So, we've got our hiccup in routine down to jar the couple, and an event to move their relationship forward. However, if we stop here all we have is the same old same old, now with more kissing between sporadic bouts of violence. Not exactly a major improvement to bring about significant change, so the author prints out this.

Asuka just narrowed her eyes at him. "What Sensei?"

"The one my father abandoned me with after my mother died in an accident with the Eva! Not that you'd understand that," he bit out. It was not a comfortable memory. He pinched his eyes closed as the painful image of his father's retreating back welled up once again.

But when he opened them again, Asuka was staring at him like she'd seen a ghost. "Me too."

Shinji blinked. That couldn't be what she just said.

Her arms squeezed him tighter as her gaze went far away. "My mother... There was an accident with Unit-02... She... died, eventually. My father... didn't mourn very long." Her mouth twisted sourly. "So yes, Third Child, I know exactly what that felt like!"

Shinji sat stunned, his mind trying to grapple with her shocking revelation. Asuka... had felt the same kind of loss as he had? She'd had her mother ripped away from her, and even younger than him? She... was like him?

"Your father abandoned you after your mother was gone," he said.

She looked at him sharply again. She opened her mouth to say something, but stopped. Her forehead wrinkled in thought for a moment. "You have nightmares all the time about it. The memory keeps coming after you when you try to sleep," she said eventually. It was only half a question.

Shinji nodded slowly, never breaking her eyes. A memory of Asuka weeping in her sleep, whimpering for her Mama floated across his mind. "It's hard to sleep. You feel lonely and cold at night, because no one ever held you after that," he finally replied. It was even less a question. There weren't questions. They were connections. Confessions.

Asuka barely let him finish before she replied. "You never had many friends before you came here. No on ever wanted to just talk to you for you."

She knew... This was his life. And hers? "Your father never explained or apologized for why he just left you."

"No one even tried to understand your pain. No one cared." Her eyes were magnetic, her voice hypnotic.

"You miss her every day, but don't even have any pictures, barely any memories. No one tells you about her." He almost felt like it wasn't his own voice speaking anymore.

Her arms tightened around him even more, almost a desperate grip now. "And there was never any point in talking about it to anyone, because there was no one in the world who could understand what being an Evangelion Pilot was like," she said softly.
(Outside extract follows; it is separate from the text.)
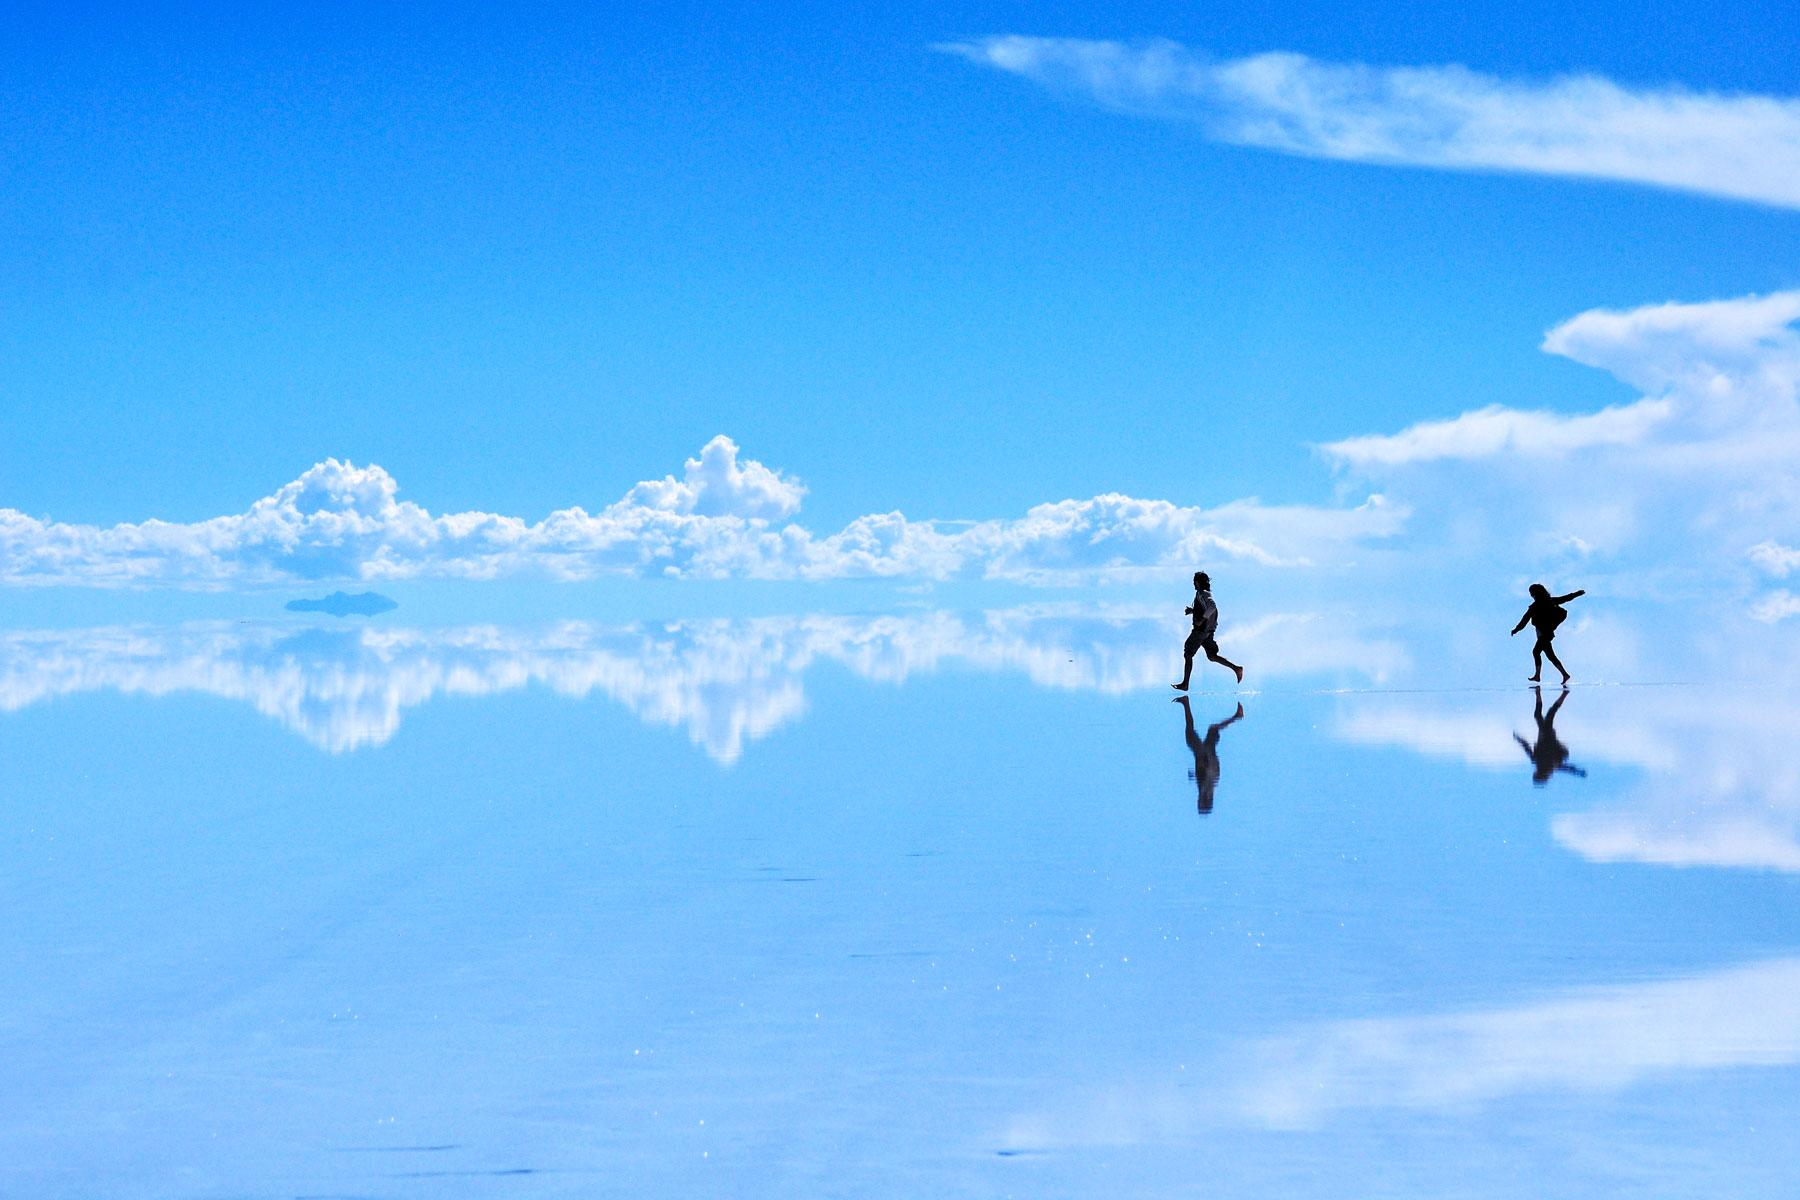 Bolivia S Salar De Uyuni Salt Flats Are Incredible Looking

Silence hung heavy between them. Shinji vaguely noticed they were breathing in synch, faces just inches apart.

"You're just like me."

He blinked. He wasn't sure which of them had started saying it first.

Remember, three things to move a relationship towards romance- initial incident, realization, and finally something to make the change in relationship stick. This, right there, is the definition of making the new change stick. To do this, the author had to deal with two issues- one, the fact neither character had a very solid understanding of the other's background, and two; deal with the fact both of the characters believe, quite rightly, that they are unique to the world. To fix both issues in one conversation, he had this little heat-to-heart happen which gives both characters common ground with each other. This is important- no amount of personal chemistry and animal magnatism will save a doomed relationship if there's nothing for it to work with. The other thing this talk does is diabuse them of their special snowflake "You don't know what I've been through" issue- because, while neither has lived in each other's shoes, they both have a pretty damn good idea of what it's like.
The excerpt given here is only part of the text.